Itinéraires migratoires et conditions d’emploi
10À l’image de cette politique d’immigration, la recherche réalisée à Londres a permis d’établir que : les employées de maison au pair s’occupant d’enfants sont majoritairement issues de pays d’Europe centrale et orientale ; les travailleuses domestiques, pour l’essentiel non européennes, viennent de pays comme l’Inde, les Philippines ou le Sri Lanka ; et les assistantes maternelles viennent d’Australie, de Nouvelle-Zélande ou d’Afrique du Sud. Dans la plupart des cas, les travailleuses domestiques sont arrivées en Grande-Bretagne avec la famille qui les emploie et elles travaillent pour subvenir aux besoins de leurs proches restés au pays, car leur capacité de revenus est souvent supérieure à celle de leurs compagnons. Celles qui sont engagées au pair envisagent ce travail comme un tremplin, une opportunité d’apprendre l’anglais et de trouver un poste plus intéressant qui leur permettra de payer un loyer. Certaines ont changé de statut (elles sont entrées avec un visa de travail pour les vacances et sont devenues employées au pair). La migration est souvent synonyme de déclassement social, comme l’illustre le cas d’Ivana, d’abord domestique au pair et maintenant assistante maternelle :
En Roumanie, j’étais professeur de français et d’allemand. Je recommence à zéro, maintenant que je suis domestique. Je suis venue ici parce que j’espérais pouvoir trouver autre chose au bout de deux ans. Même avec un contrat au pair, je gagne plus d’argent qu’un prof en Roumanie. Je veux suivre des cours pour pouvoir enseigner au Royaume-Uni.

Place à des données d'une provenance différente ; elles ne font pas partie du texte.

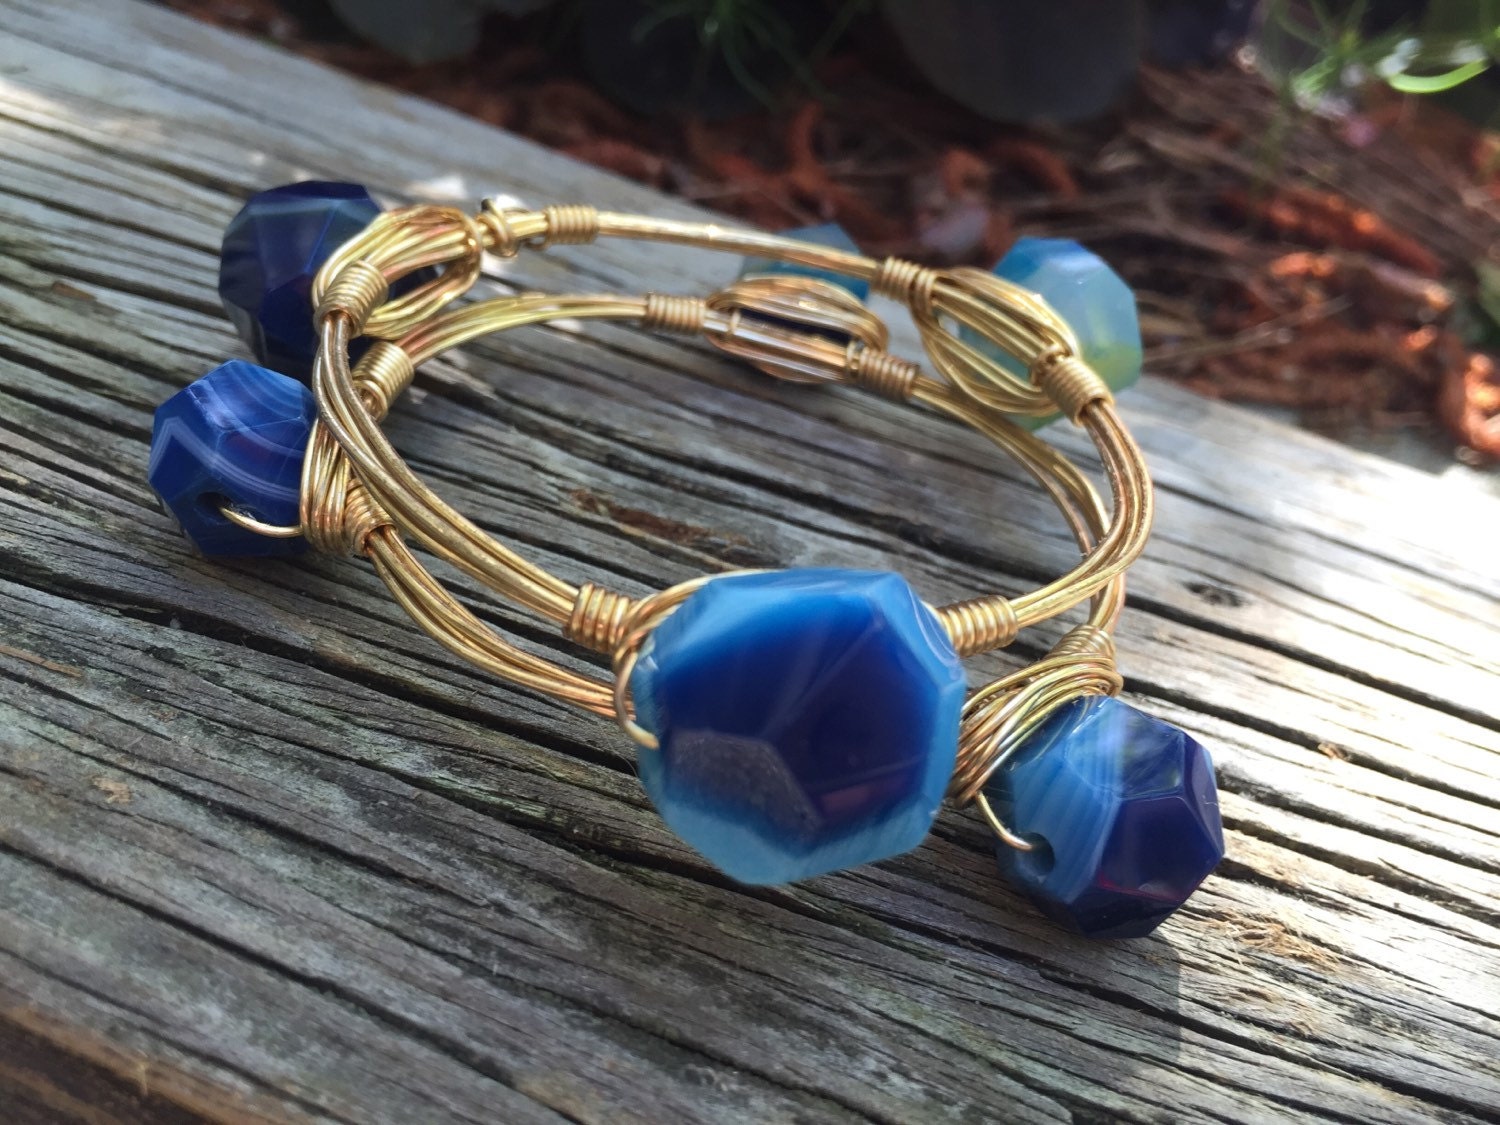 Blue agate stone bangle bracelet by iheartlulabees on Etsy

12Les nourrices se considèrent généralement comme des spécialistes de la petite enfance, capables en conséquence d’exercer un métier dans ce domaine ou de monter une agence de placement pour gardes d’enfants ou employées au pair.
13La précarité de leur statut d’étrangers, le manque de familiarité avec le pays d’accueil, l’absence de réglementation et leurs difficultés à s’exprimer placent toutes les catégories d’immigrés dans une position très insécurisante, qu’ils viennent d’arriver ou cherchent à renouveler leur visa. Toutes les femmes que nous avons rencontrées disent avoir été exploitées au travail, et celles qui ont pu trouver une place satisfaisante estiment qu’elles ont eu de la chance. Des travailleuses domestiques ont eu affaire à des employeurs qui, au mépris de la loi, leur avaient confisqué leur passeport pour les empêcher de partir. Jeunes filles au pair et employées de maison dénoncent par ailleurs la ‘flexibilité’ des conditions de travail, qui leur impose d’être quasiment tout le temps ‘de service’ pour le ménage, la cuisine ou les enfants. En dépit de l’existence d’agences de placement censées fixer le cadre de l’embauche, elles sont nombreuses à n’avoir jamais signé ni même vu un contrat officiel, ce qui explique que les horaires ou le salaire convenus au départ soient rarement respectés. Une grande partie des textes organisant la protection des travailleurs ne s’applique pas à l’espace domestique, y compris le Race Relations Act (loi contre la discrimination raciale) de 1976. Selon une des agences contactées pour l’enquête, plus de 90 % des travaux ménagers et des soins aux enfants sont payés au noir.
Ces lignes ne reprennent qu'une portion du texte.